Justice and local focus important in the transition process
2026-01-13Our society has to change. This will require reducing emissions and energy consumption, but also tools to address challenges such as an ageing population and population decline. The conditions for this transition vary from place to place. The importance of place and the question of justice were at the centre of the CRS symposium Everyday Life and Social and Spatial Planning in Transition.
– Transition affects both what everyday life looks like for those living in places particularly impacted by these challenges, and how local authorities plan for future services, welfare and sustainable development, says Moa Tunström, senior lecturer in human geography and director of the Centre for Research on Sustainable Societal Transformation (CRS).
The symposium programme provided perspectives and examples from people’s everyday transition efforts, visions for a transitioned society from a social and spatial planning perspective, and the tensions that may arise in between. The participants and speakers included both researchers and professionals from the region, the county administrative board and other organisations. They contributed their experiences of working with transition and social and spatial planning. Themes included deindustrialisation, small-scale food production, age integration and perspectives of justice.
– For regional planning to be fair, the concepts of distribution, recognition and representation are key, says Tomas Mitander, senior lecturer in political science. Justice has a geography and growth usually has a dominant position in social and spatial planning.
Access to transportation is often an issue that determines the opportunities for development and people’s opportunities for work and education.
– Transport justice, or transport poverty, is crucial to people’s everyday lives and their ability to make a living, says Jessica Berg, senior researcher at the Swedish National Road and Transport Research Institute (VTI). A sustainable transport system is a prerequisite for welfare and its absence often gives a feeling that “we don’t matter”.
Several of the speakers at the symposium emphasised the importance of maintaining a dialogue with the citizens.

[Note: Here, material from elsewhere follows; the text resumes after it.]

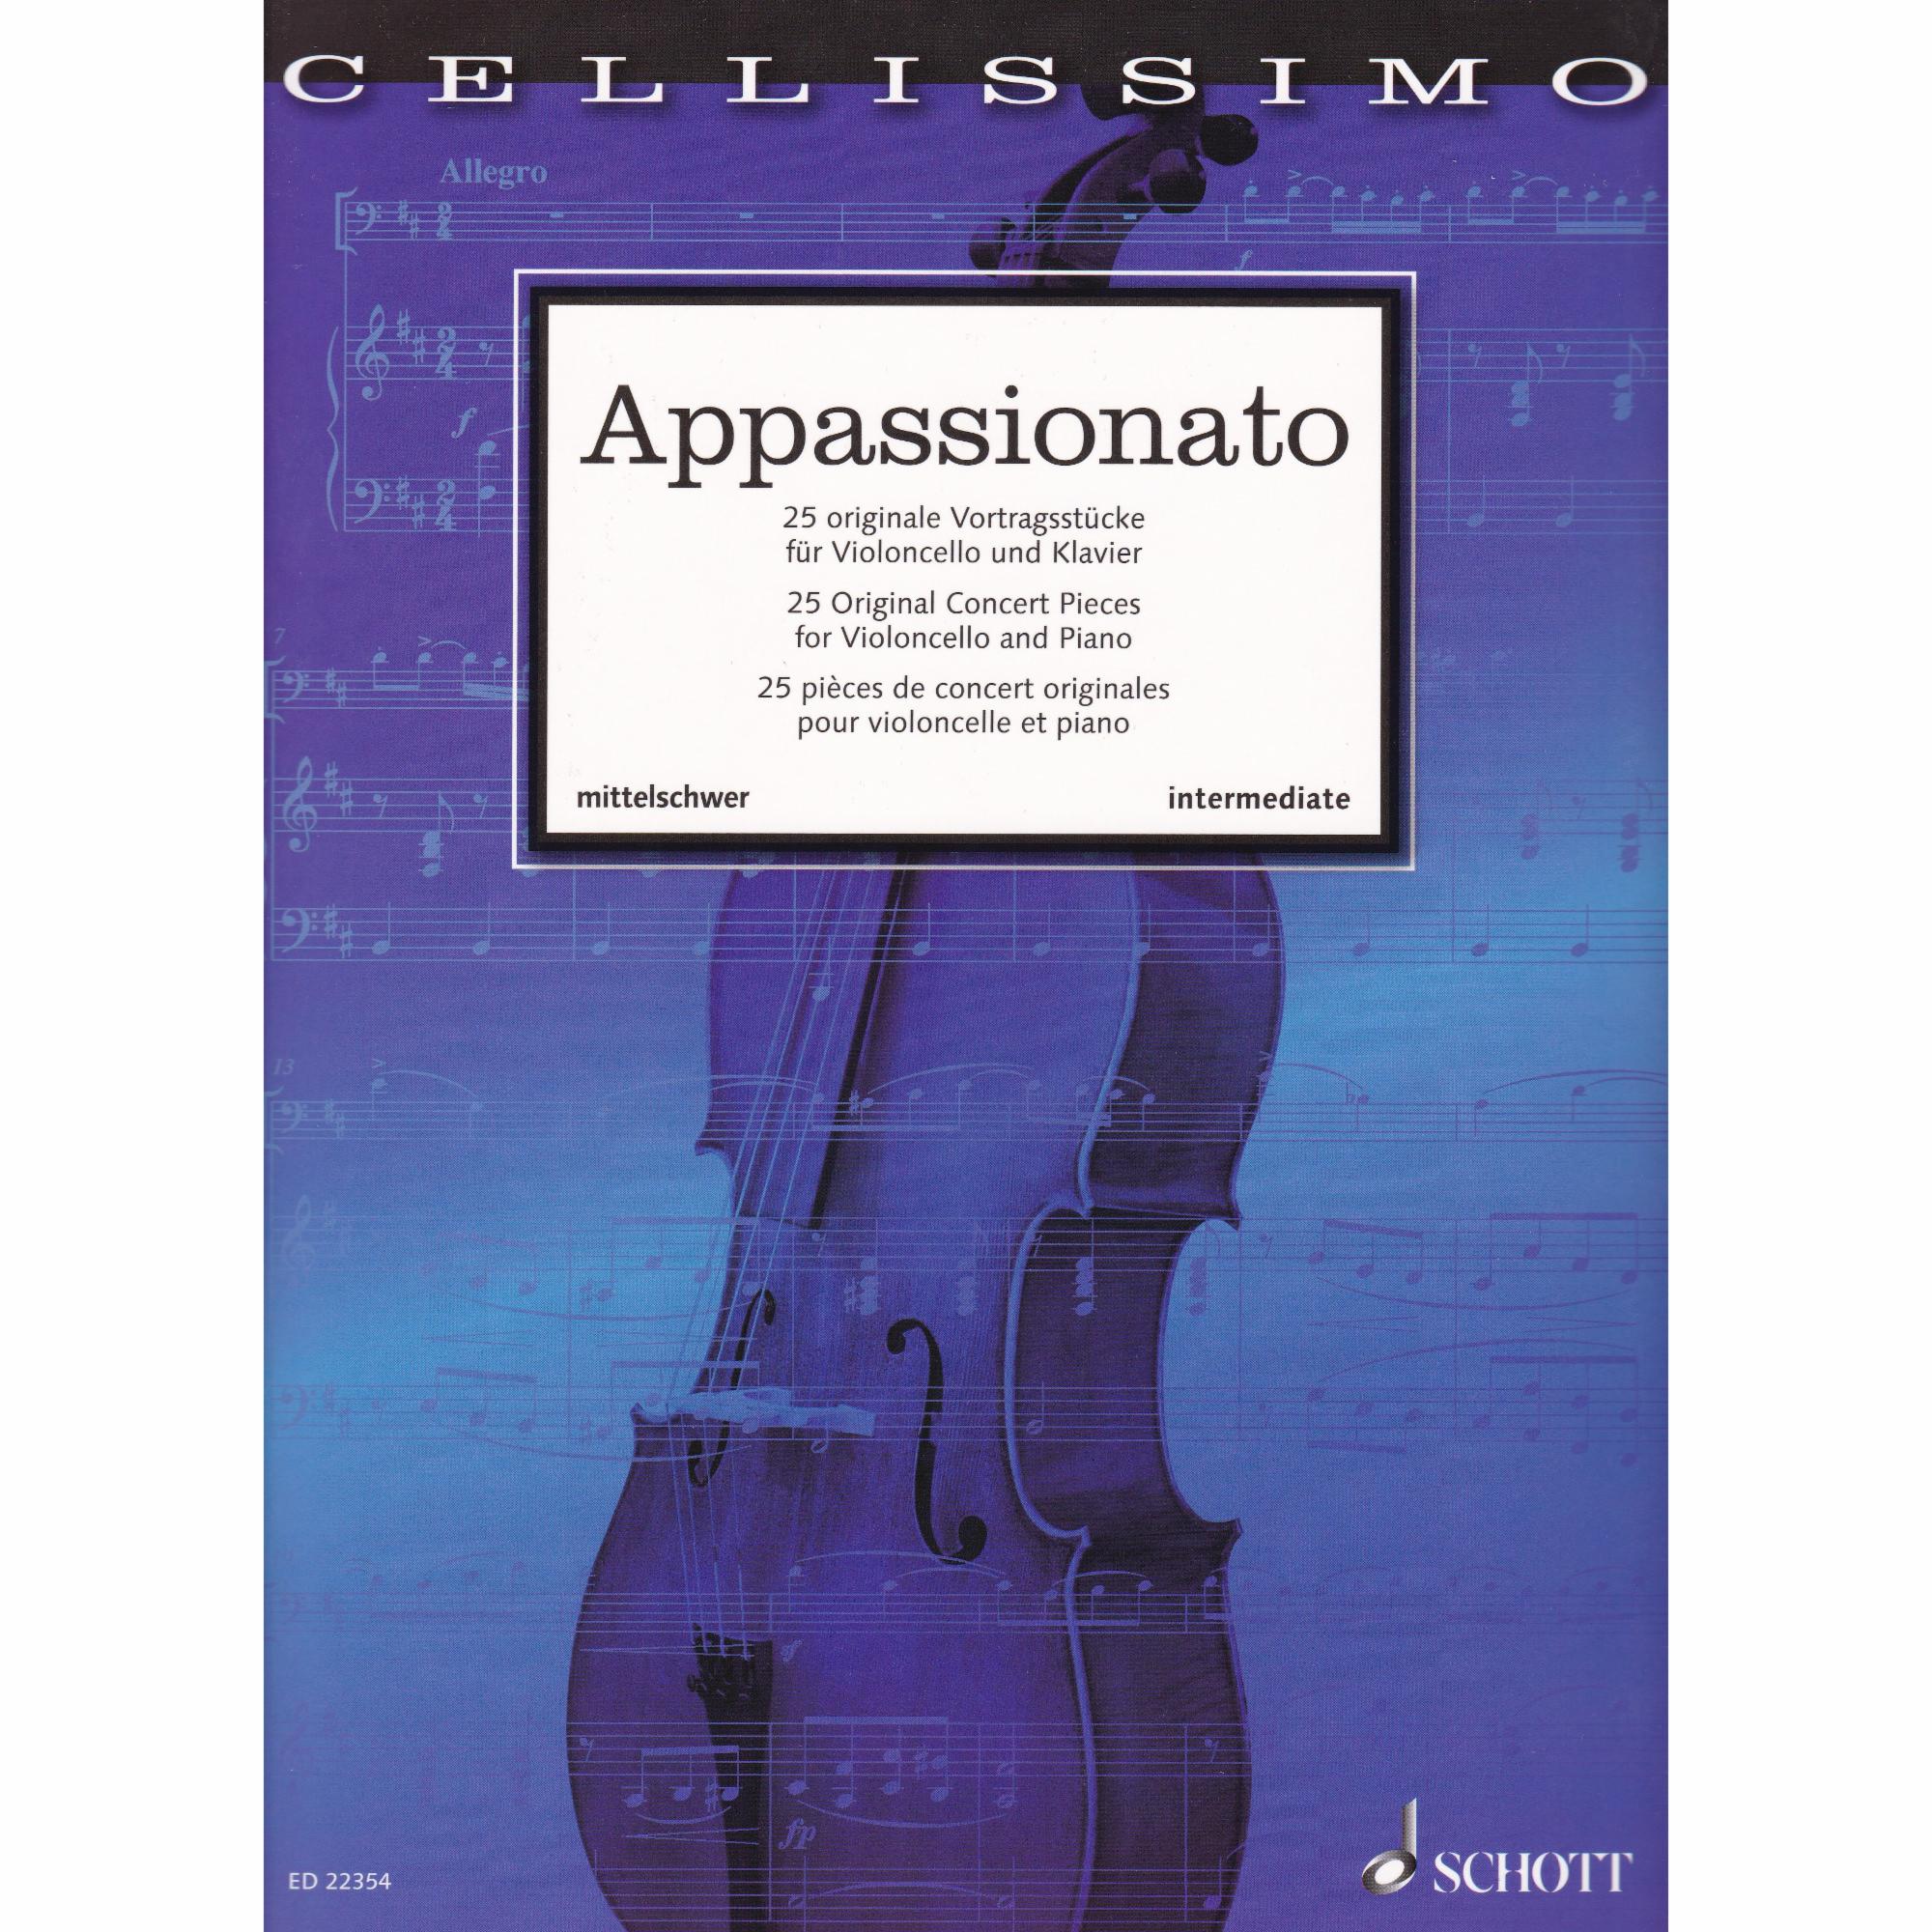 Appassionato: 25 Original Concert Pieces for Cello and Piano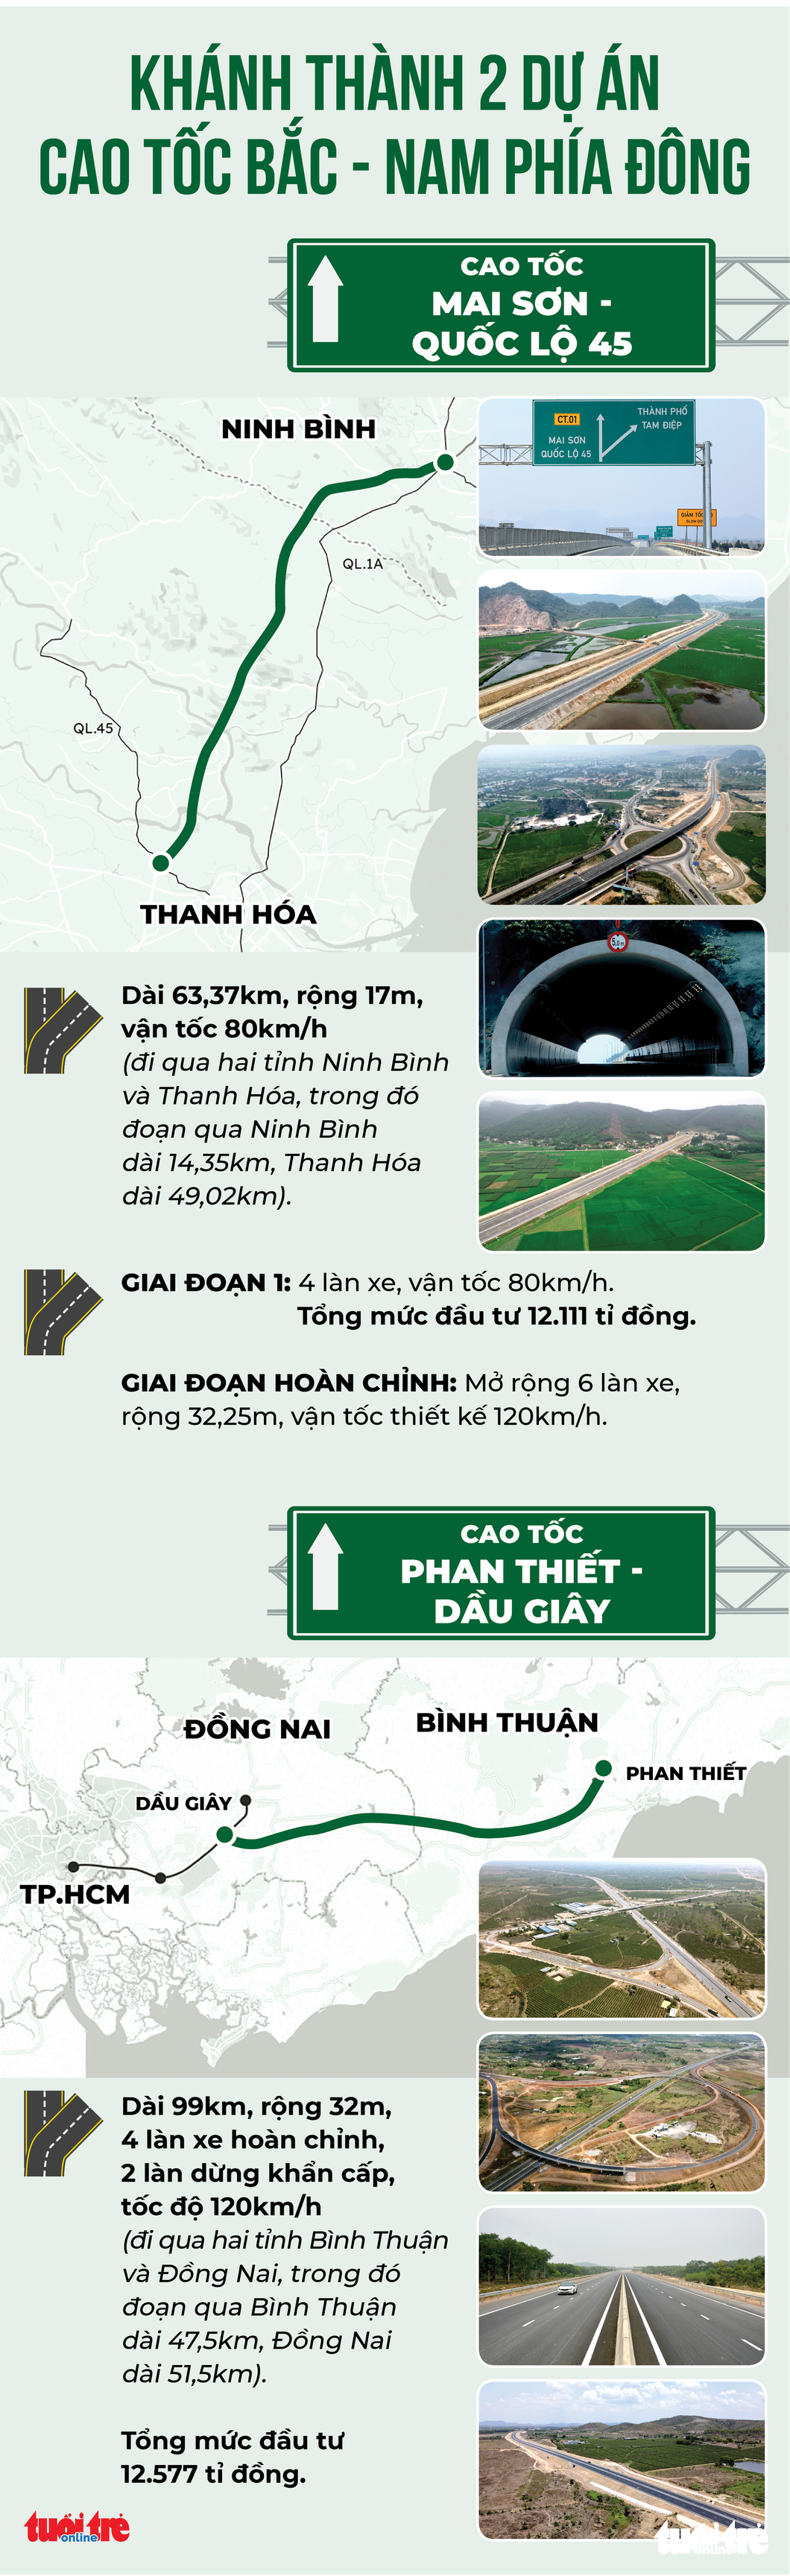 Sáng nay khánh thành cao tốc Dầu Giây - Phan Thiết và Mai Sơn - quốc lộ 45 - Ảnh 4.

– I deeply appreciate all the meetings where I meet different groups and visit different places in the county, says Georg Andrén, Governor of Värmland, who participated in the closing panel discussion. Through careful consideration, our government agency is there to help create a balanced distribution of value between different interests. It is important to listen, but also to act on what you hear.
The symposium Everyday Life and Community Planning in Transition was organised by the Centre for Research on Sustainable Societal Transformation (CRS), which is a multi- and interdisciplinary research centre at Karlstad University that operates locally, regionally, nationally and internationally with research and collaboration regarding sustainability and societal transformation.